Immigrants crying on buses and in detention centers, their immigrant parents wondering where their children are and whether they’ll ever find them again. This is what enforcing a zero tolerance immigration policy looks like in the United States. But where does this policy fit into the shape-shifting history of immigration in this country, a history where migration, legal and illegal, has been affected by everything from the labor market to political persecution to natural disasters?

President Trump -- son and grandson and husband of immigrants -- thrills his audience when he rails against immigrants “infesting” the country. But he’s given mixed signals to Congress and his own administration about what he wants; this week, he told members of Congress that the nation’s complex immigration laws should be boiled down to, “I’m sorry, you can’t come in.”

Doris Meissner has a matchless vantage point in all of this. She directs the U.S. immigration policy program at the Migration Policy Institute.

And before that, she served presidential administrations from Nixon to Clinton. In the 1980s, she was acting commissioner of what was then the Immigration and Naturalization Service, and she became the official INS commissioner during the Clinton presidency.

Where will all of this upheaval in immigration policy take us? And how can it change the nation’s character and its reputation?


How did a nice country like us wind up in a mess like this?

Migration and immigration dilemmas that we're dealing with as a country have been around for a long time. But now we have a leadership that has come into office putting this at the top of the agenda and basically saying that the country has suffered from lax enforcement in the past, that that needs to change, and that people who are foreign-born and who come to the country illegally are a danger to us now.

It certainly is true that we need border security. It's certainly true that border security is legitimate. But the crisis that's now unfolded with family separation is just an incredibly vivid example of what it means to deal with immigration issues if you're not careful and thoughtful, being abrupt and very dogmatic about the law enforcement that is involved in immigration.

The family separation matter is not a new problem. What's new is how the administration chooses to deal with this.

That's right. The family separation is a function of or a result of a very dramatic change in policy to call for zero tolerance at the border, which means prosecuting everybody who crosses the border between ports of entry illegally.

That may seem very appealing on the face of it, but there are many different circumstances behind the people who are crossing. And so to go to zero tolerance, 100% prosecution for everybody, means that their children then need to be taken away from them.

That’s because we have court rulings and other requirements in place that make it not possible to hold children in detention for the long period of times that are required if you're going to have zero tolerance and full-scale prosecution.

Prior to this executive order [allowing parents and children to be detained together], the administration has said, ‘Well, we're not calling for a policy of separating families.’ Technically that's true.

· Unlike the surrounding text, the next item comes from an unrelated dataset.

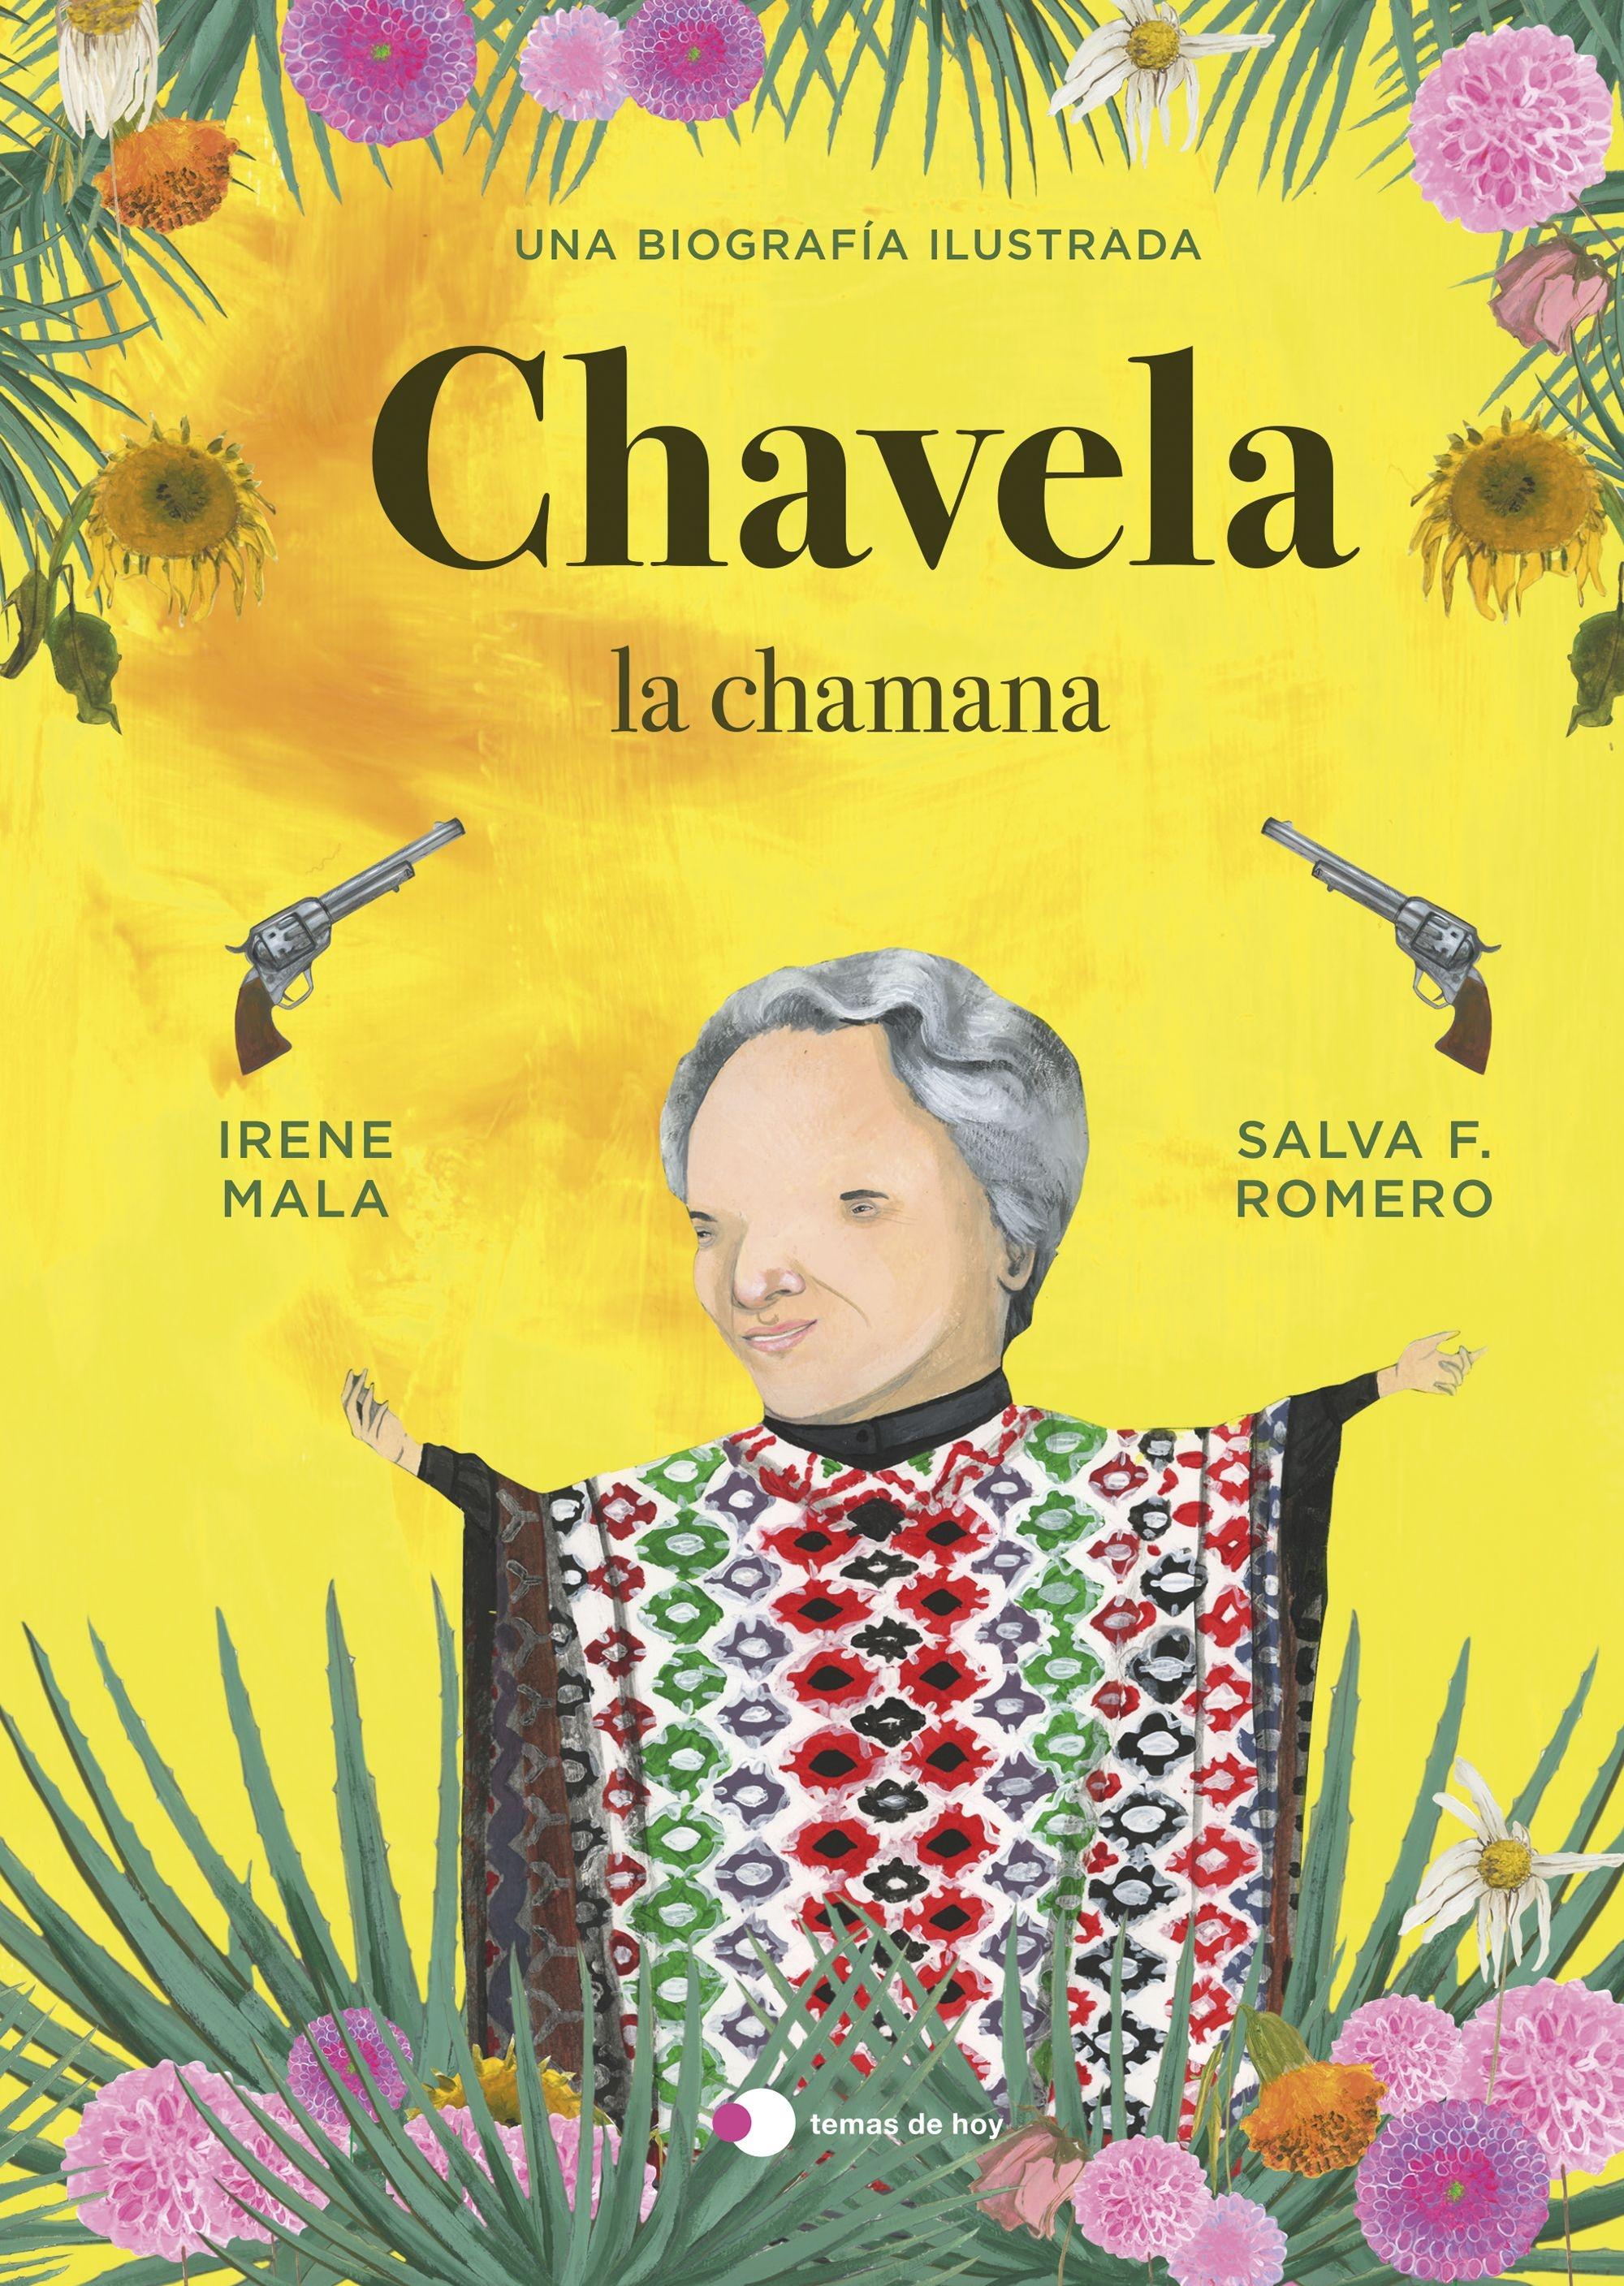 Chavela, la chamana "Una biografía ilustrada"

But they are calling for a policy of 100% prosecution of adults, which immediately and automatically lead to taking the children and therefore separation of families.

Are the demographics of illegal immigration across the southern border different now?

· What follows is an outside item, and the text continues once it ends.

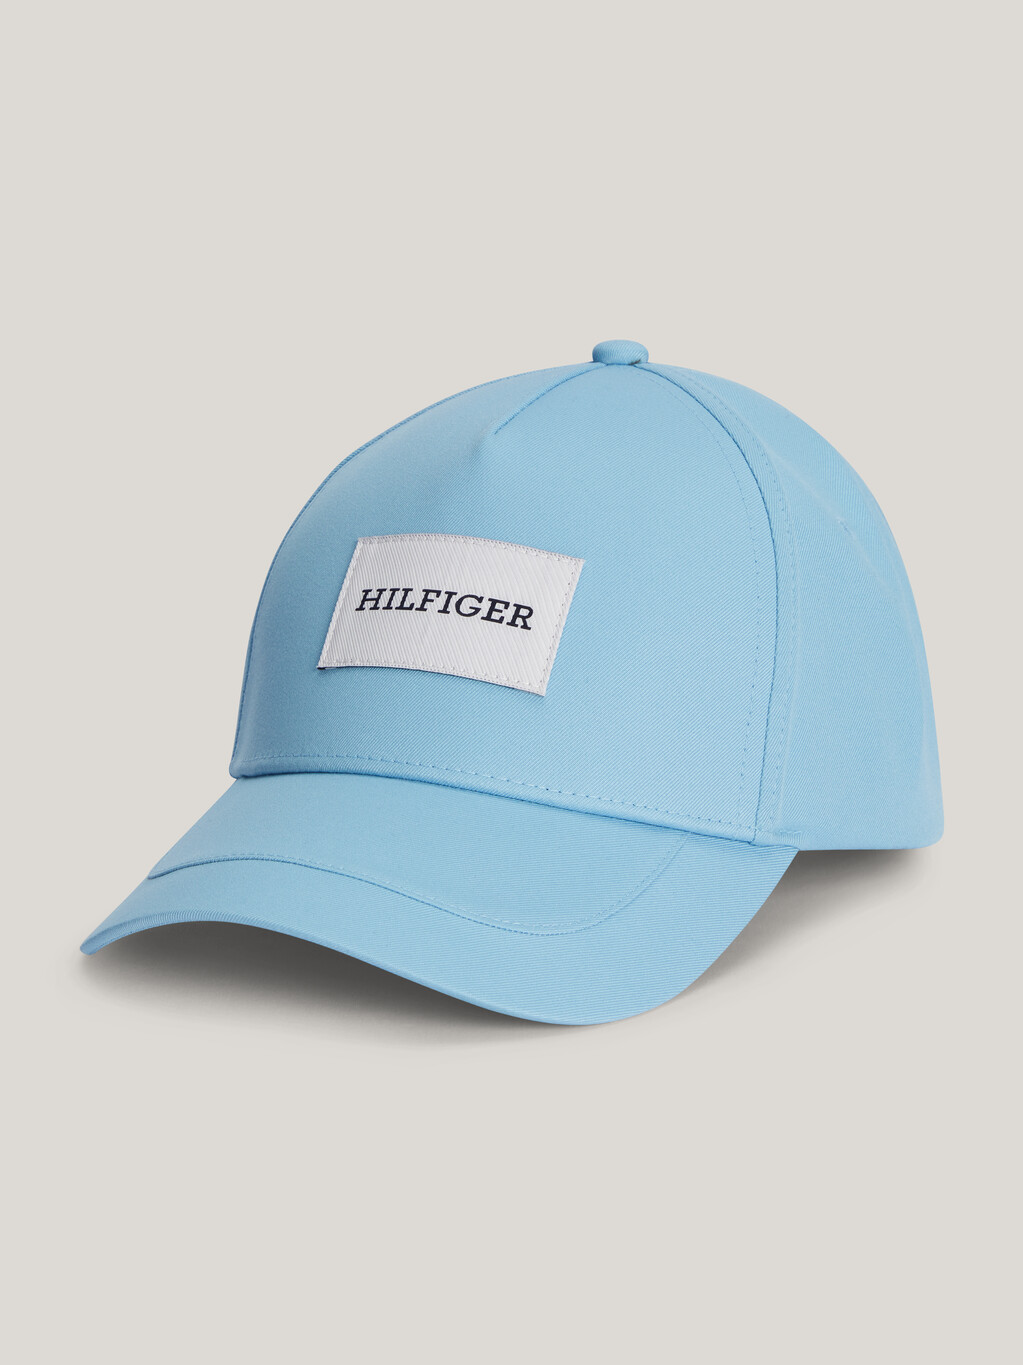 Hilfiger Monotype 五片式棒球帽, Sleepy Blue, hi-res

The flows have changed in recent years; that picture of people coming largely from Mexico for economic reasons -- that has changed. There are now more people who return to Mexico from the United States than come in illegally.

Today, and for the last four or five years, the flow has been predominantly people from Central America, predominantly people who are families, sometimes unaccompanied young people on their own.

And that has humanitarian cases as well as economic migration cases. You need to give those people an opportunity to tell you their story. If they want to file a claim for asylum in the United States, they need to be permitted to do so.

And that's what's now really been upended with this change to a zero-tolerance idea. It has really made it exceptionally difficult for those who are coming for humanitarian reasons to actually have their cases be recognized.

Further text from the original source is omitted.